Steph knelt down and searched through the additional video cassettes on the projector cart. All were unlabeled. They'd have to find somewhere else to watch them, she supposed. "What's the deal with Jane, Max? I mean I'm picking up hints that she has the same power as you, but what do mean she's been through loops? Is it like Groundhog Day?"

Max nodded, "I guess, but instead of just one day, it's her entire life."

"Whoa! That's... Wow. Okay, I don't know if that's better or worse!" Steph stood and turned to face Max, "Do you know what she wants? I mean, why did she bring us... SHIT! MAX!"

But it was too late. Max knew exactly what had happened the instant she felt it. The sudden sting at the back of her neck. The hot rush of injected chemicals. The world going blurry and sideways. She'd felt it all before. As she collapsed to the floor she heard Steph call her name again, then saw her grab the tire iron off the floor to rush to her aid.

"Not this time!" Max thought to herself. She reached out with her mind and grasped at the stuff of time. She weaved her fingers through it and clenched. Grinding her teeth and screaming, she flexed every muscle in her body. She would rewind her way out of this if it killed her! Wrenching, grasping, tearing, she pulled time backward with all the will she could muster, scouring, burning synapses. She saw Steph slow in mid-stride, grinding to a crawl, tire iron raised high, shouting angrily at whoever was behind Max. Almost! Almost!
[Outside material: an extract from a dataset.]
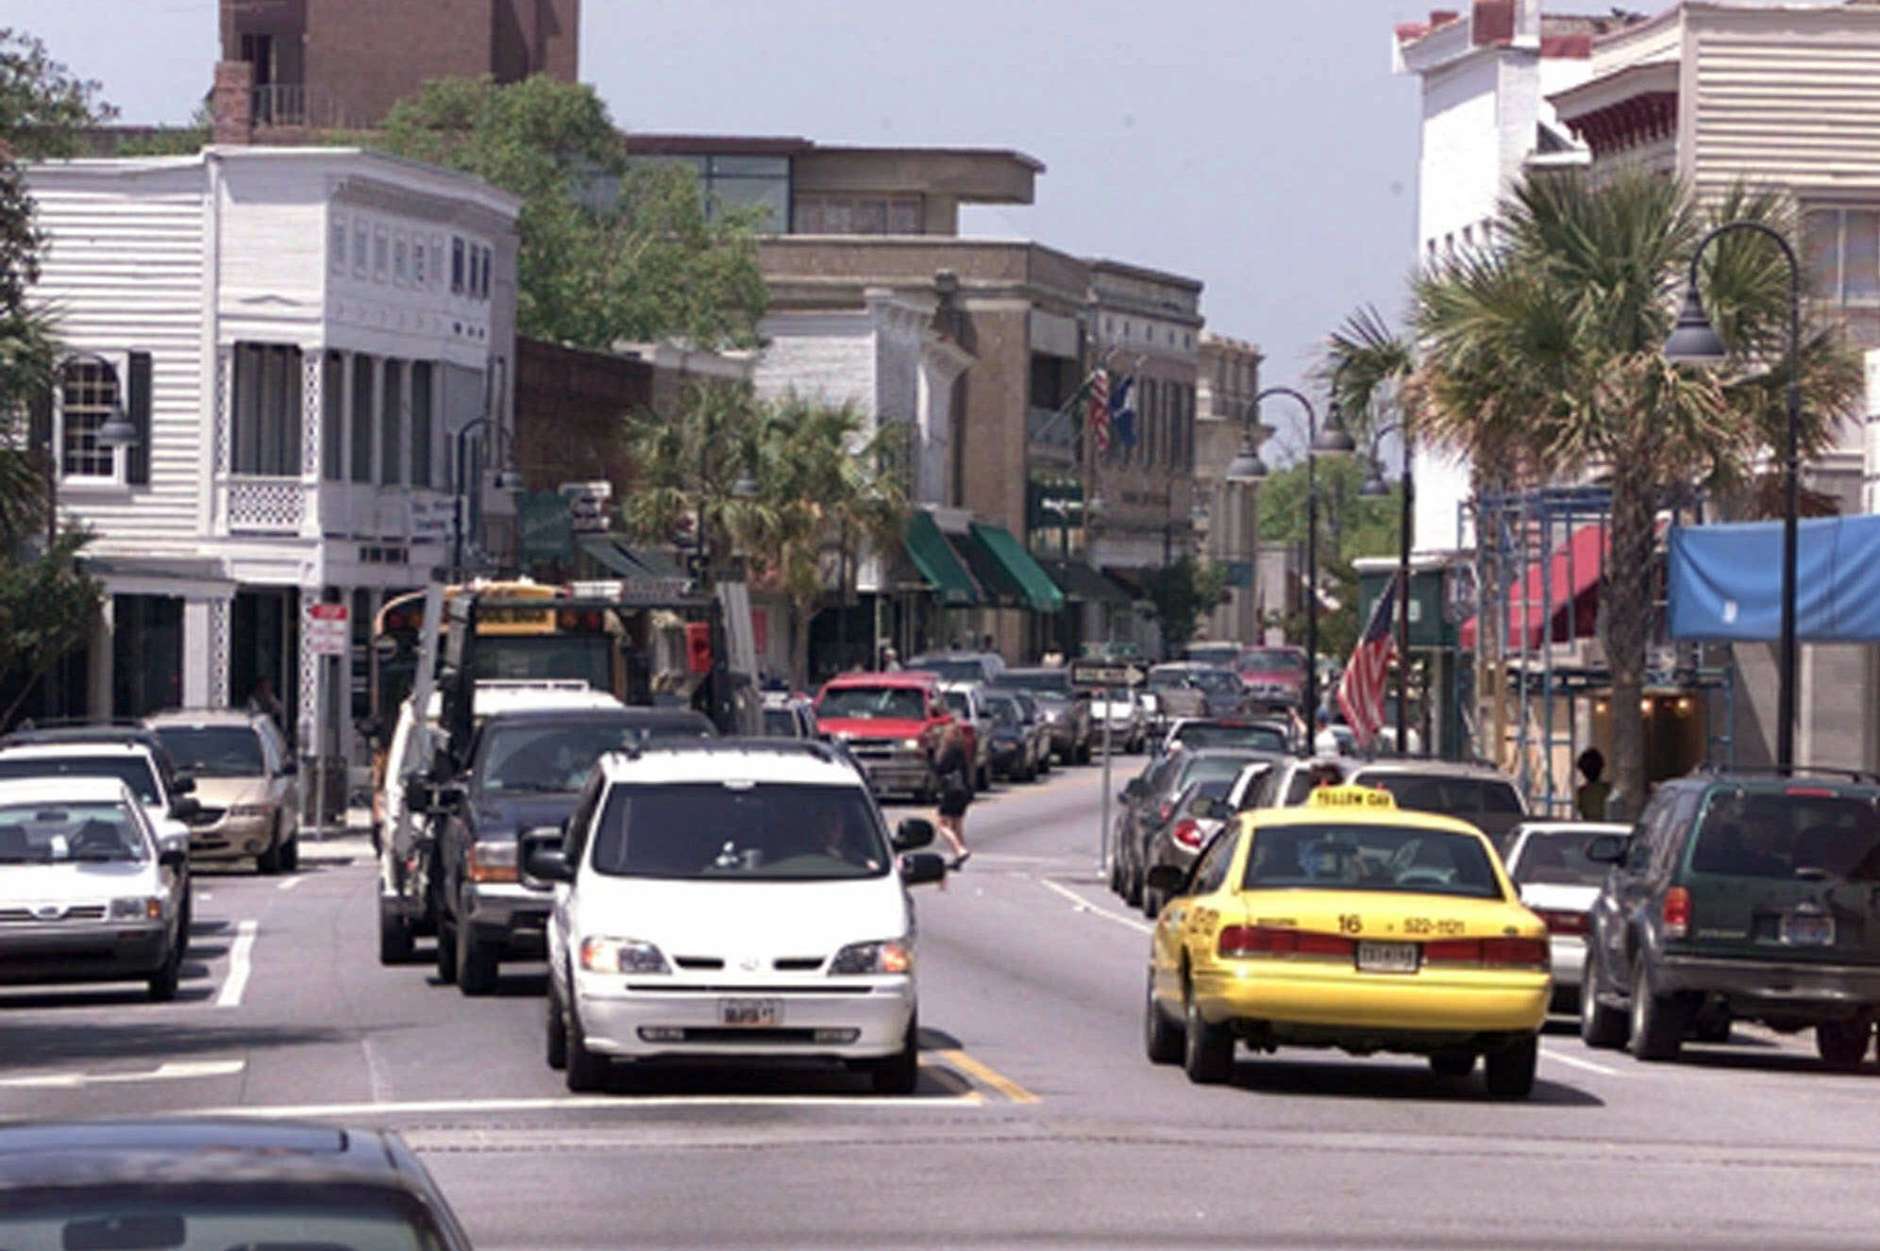 Midday traffic is shown on Bay Street in downtown Beaufort, S.C., April 19, 2001. Beaufort, one of the oldest communities in South Carolina, grew almost 35 percent in the past decade. (AP Photo/Lou Krasky)
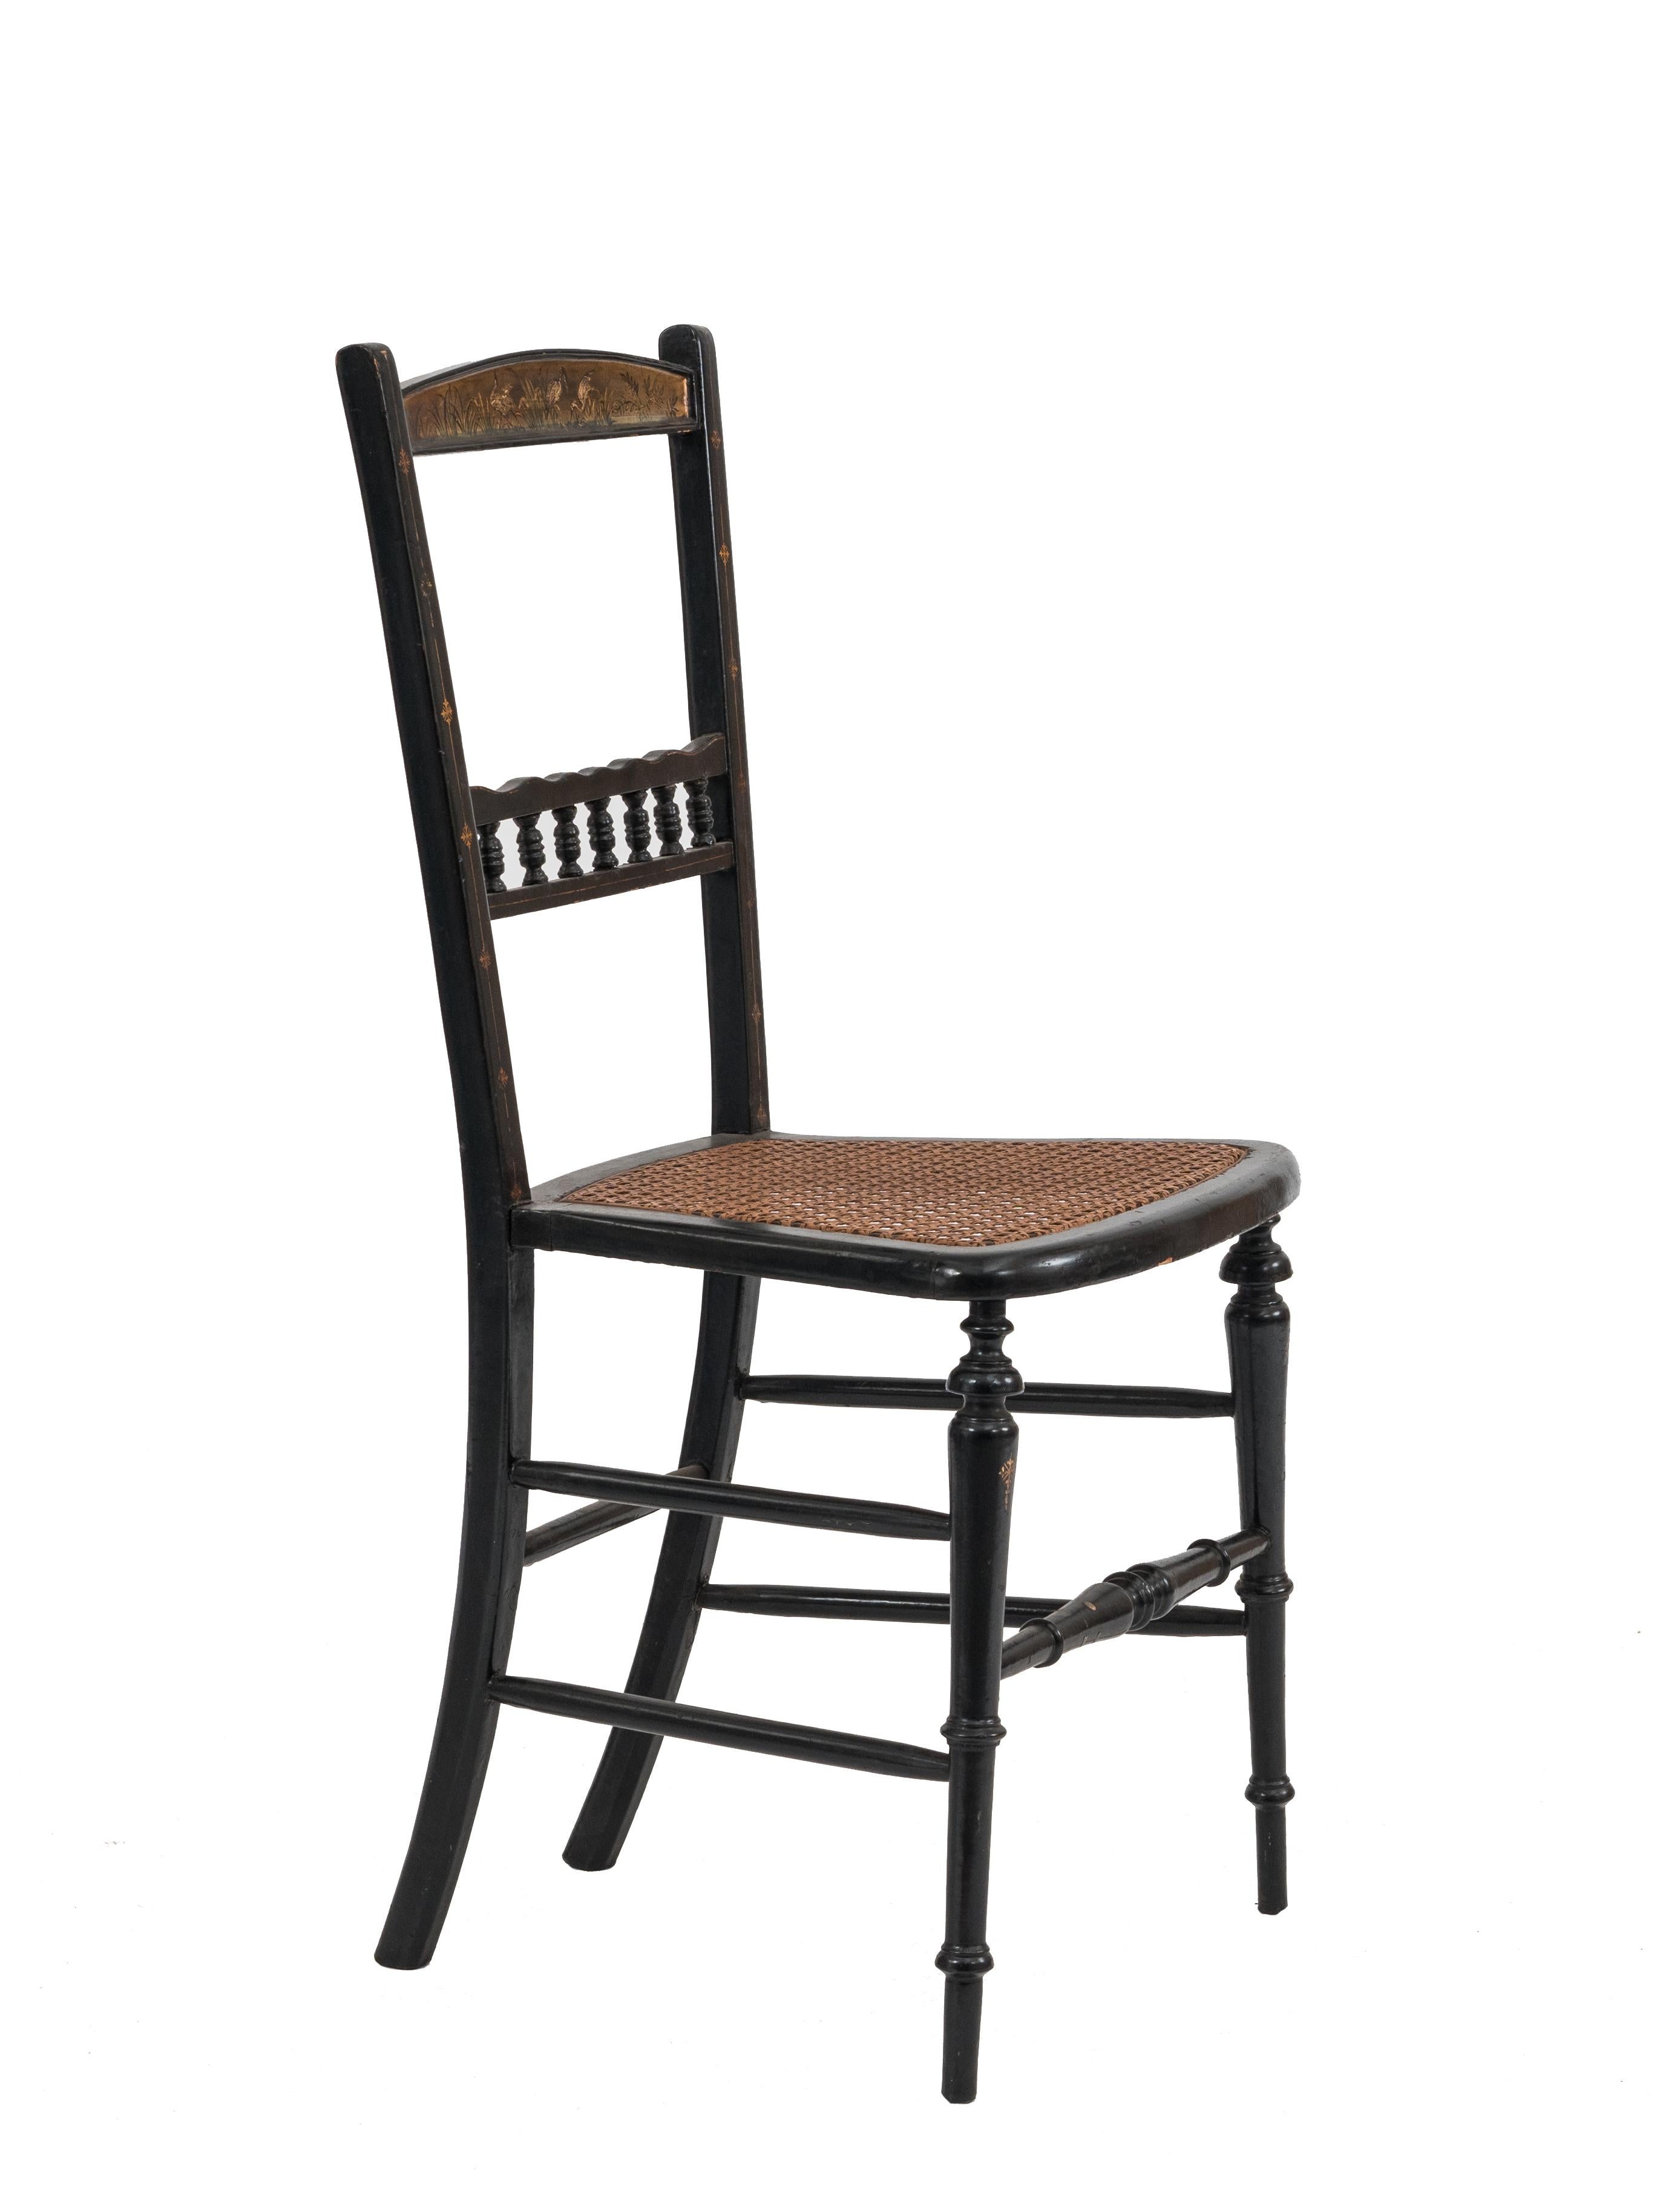 Pair of English Victorian papier-mache and pearl inlaid black lacquer side chairs with spindle design back and stretcher

But it wasn't helping. The drug was still taking her. Her vision was dimming and her hearing going numb and fuzzy. She couldn't feel her legs. She looked down at them just in time to see Jane step over her, empty syringe in one hand. In the other, the bright gleam of a blade, moving toward the time-stuck Steph. Max resisted as long as she could, but her body was failing her and her attacker was immune to rewind. For her struggle, all Max managed to accomplish was having to watch Jane murder Steph in slow-motion. Steph fell to the floor in front of Max, bleeding from the chest. The look of shock and confusion on her steadily-draining face was the last thing Max saw before everything went black.